Comment: Obscene (Score 2) 626

by RandomUsername99 (#47049059) Attached to: Driverless Cars Could Cripple Law Enforcement Budgets

If the system is funded in large part by criminalizing a behavior so consistent and common that it can fund life-long full time salaries with benefits and pensions, then it's a system worth dismantling. Defending the need to criminalize otherwise law abiding adults for budgetary purposes is obscenely poor governing. If we, as a society, deem the crime important enough to stop, and it's rampant enough to be an epidemic, make an earnest effort to stop the crime. If it's really not that big of a deal, change the laws to reflect that. Riding the sweet spot where it's not enough of a penalty, consistently enough, to really dissuade people from doing it, yet it's enough to be profitable for the people exacting the fines, is unethically exploitative. If your government department needs funding, then get it through taxes, not extortion.

Comment: Turkish Twist ban... (Score 2) 29

The Turkish Twist ban, however, remains firmly in effect as Erdogan's shuddering remembrance of the projectile vomit he was forced to clean up at the fair, during his summer job in high school, brushes aside the media's criticism of his hard-lined approach.

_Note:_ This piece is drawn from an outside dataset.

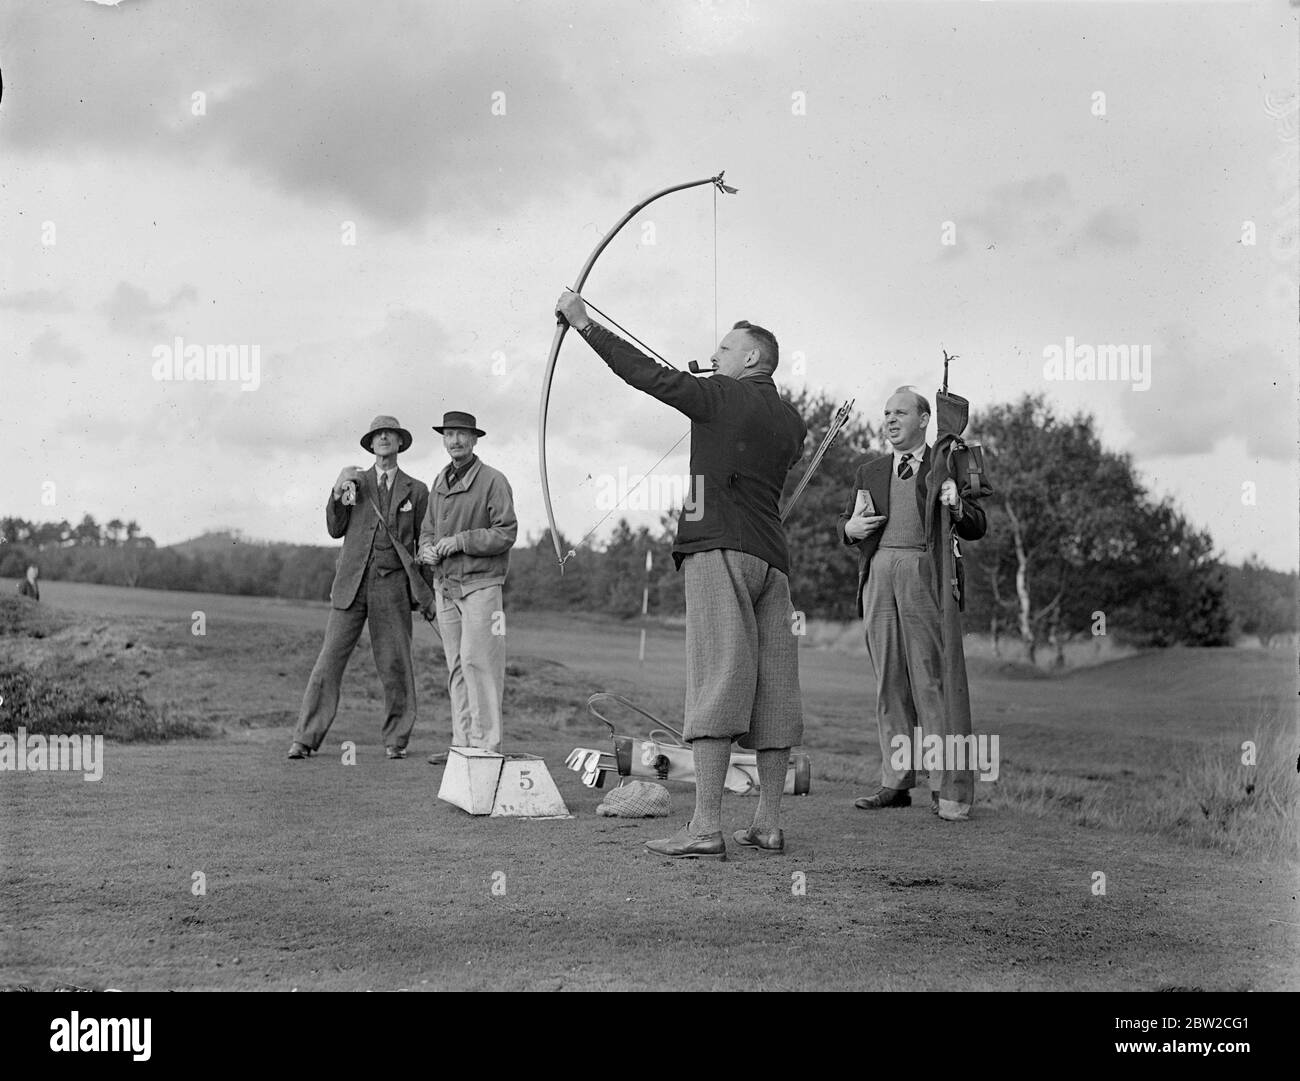 Jouant avec Bow et Arrow, le major J G Hayter, expert reconnu dans le sport annuel du golf Bow et Arrow, a rencontré le colonel E St George Kirke, le capitaine du club, dans un match au Hankley Common Golf Club, Surrey. Il a concédé un coup un gale.le major Hayter tire sa flèche dans une boîte au lieu d'un trou.sa moyenne pour la plupart des cours de Surrey est dans les années 70. Photos : le Major J G Hayter photographie une flèche. 18 octobre 1938 Banque D'Images

Comment: Re:NASA actually landed men on the moon? (Score 2) 54

by RandomUsername99 (#46586027) Attached to: The Mystery of the 'Only Camera To Come Back From the Moon'

Well *I* saw a documentary that said that these cameras were really Federal Reserve Bank mini chemtrails planes dispatched by the Illuminati filled with MMR vaccines designed to give the moon babies of the Area 51 aliens space autism... ...they ARE very socially awkward...

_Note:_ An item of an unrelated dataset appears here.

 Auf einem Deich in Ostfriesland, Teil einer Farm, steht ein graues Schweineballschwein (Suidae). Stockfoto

Most people that were interested in tempting someone back to their place to play with butt toys would just try and woo them with a couple of strong drinks and some sweet talk, instead of the creepy abduction/space roofies crap that they seem to be fond of... but I don't think autism necessarily makes someone more likely to go down that path. Maybe space autism does.

Comment: JP2 is used, just not on the web. (Score 1) 155

by RandomUsername99 (#46420759) Attached to: New Mozilla Encoder Improves JPEG Compression

Yeah, lots of universities use it for a lot of things, like scientific and cultural heritage images... they serve the images up, if need be, through the proprietary lurawave image server... not a great solution from a systems perspective, but it's what they like.

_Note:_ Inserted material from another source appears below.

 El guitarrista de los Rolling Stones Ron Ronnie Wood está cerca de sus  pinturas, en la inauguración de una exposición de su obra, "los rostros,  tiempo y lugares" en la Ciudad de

Personally, I think the lack of widespread adoption makes it a serious preservation concern.

Comment: I'd have stayed in school (Score 2) 116

by RandomUsername99 (#46065001) Attached to: High School Students Develop Linux Imaging and Help Desk Software

The people that point out existing technologically superior software solutions are being unforgivably obtuse.

Of course there are existing open source and commercial options out there, that make this high school student implemented project technologically obsolete; there are also existing craftspeople and professionally run woodworking shops that make the products in wood shop class obsolete, as well as many tailors, restaurants, fashion schools, and culinary schools that crush what home-ec classes teach... Not to mention the many science-oriented-businesses with technology and products that dwarf the technology that you would find at a high school science fair. See it for what it is: a learning experience!!

If there was some alternate dimension where I had had a chance to work on a project like this in high school, I probably would not have gotten kicked out for boredom fueled truancy, and would have worked my way into a decent comp-sci program at a college rather than working my way up in my 20s through shitty tech support and lower level IT positions... I Would have been making my current, totally decent software dev salary YEARS before I actually earned it in this dimension.